Jayden Candelaria

Personal information
- Full name: Jayden Justice Candelaria
- Date of birth: 2 March 2004 (age 22)
- Place of birth: Dordrecht, Netherlands
- Height: 1.84 m (6 ft 0 in)
- Position: Left back

Team information
- Current team: NAC
- Number: 21

Youth career
- 0000–2018: Sparta
- 2018–2025: Feyenoord

Senior career*
- Years: Team / Apps / (Gls)
- 2025: Feyenoord / 0 / (0)
- 2025–: NAC / 8 / (0)

International career
- 2020: Netherlands U16 / 2 / (0)

= Jayden Candelaria =

Curaçaoan association football player (born 2004)

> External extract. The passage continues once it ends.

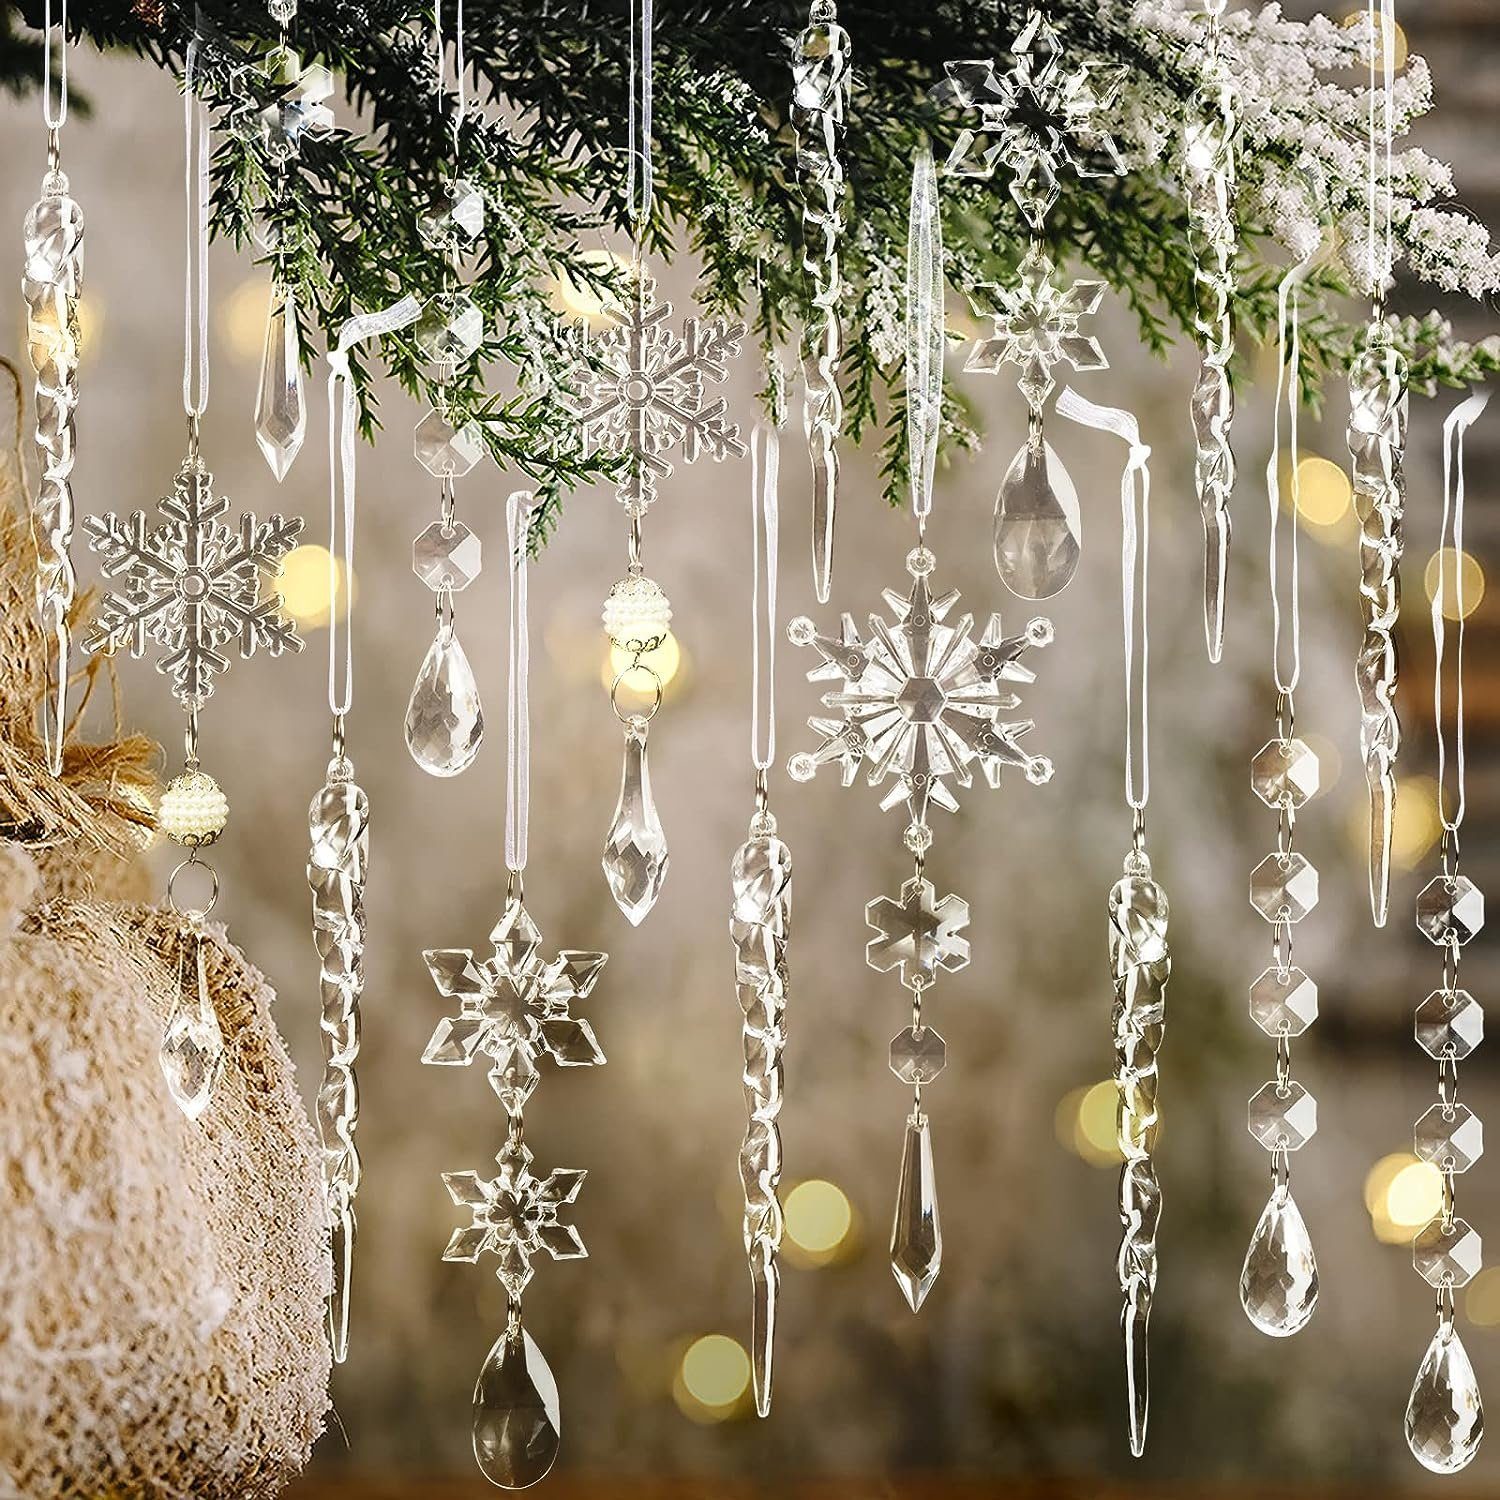 Lamon Christbaumschmuck 10 Stück hängende Kristallornamente, Tropfen Eiszapfen transparent Weihnachtsschneeflocken Weihnachtsbaumschmuck

Jayden Justice Candelaria (born 2 March 2004) is a Dutch professional footballer who plays as defender for Eredivisie side NAC Breda.

==Club career==
A left-sided defender, he was a youth product at Feyenoord having joined the club in the summer of 2018 from Sparta Rotterdam. He progressed through the academy at Feyenoord, signing a first professional contract with the club as a 17-year-old in 2021, and signed a two-year contract extension in 2024. He played for the club in the UEFA Youth League and won the Dutch junior league in 2025, prior to joining NAC Breda in August 2025. He had offers from elsewhere but chose the club because he has family from Breda, and had watched his first match at the club with his grandfather when he was six years-old. He made his debut in the Eredivisie for Breda against NEC Nijmegen on 24 August 2025 during the 2025–26 season, appearing as a substitute for Lewis Holtby.

==International career==
Candelaria played 2 games for the Netherlands national under-16 football team.

In 2025, he was called up to the Curacao national football team for their 2026 FIFA World Cup qualifying matches.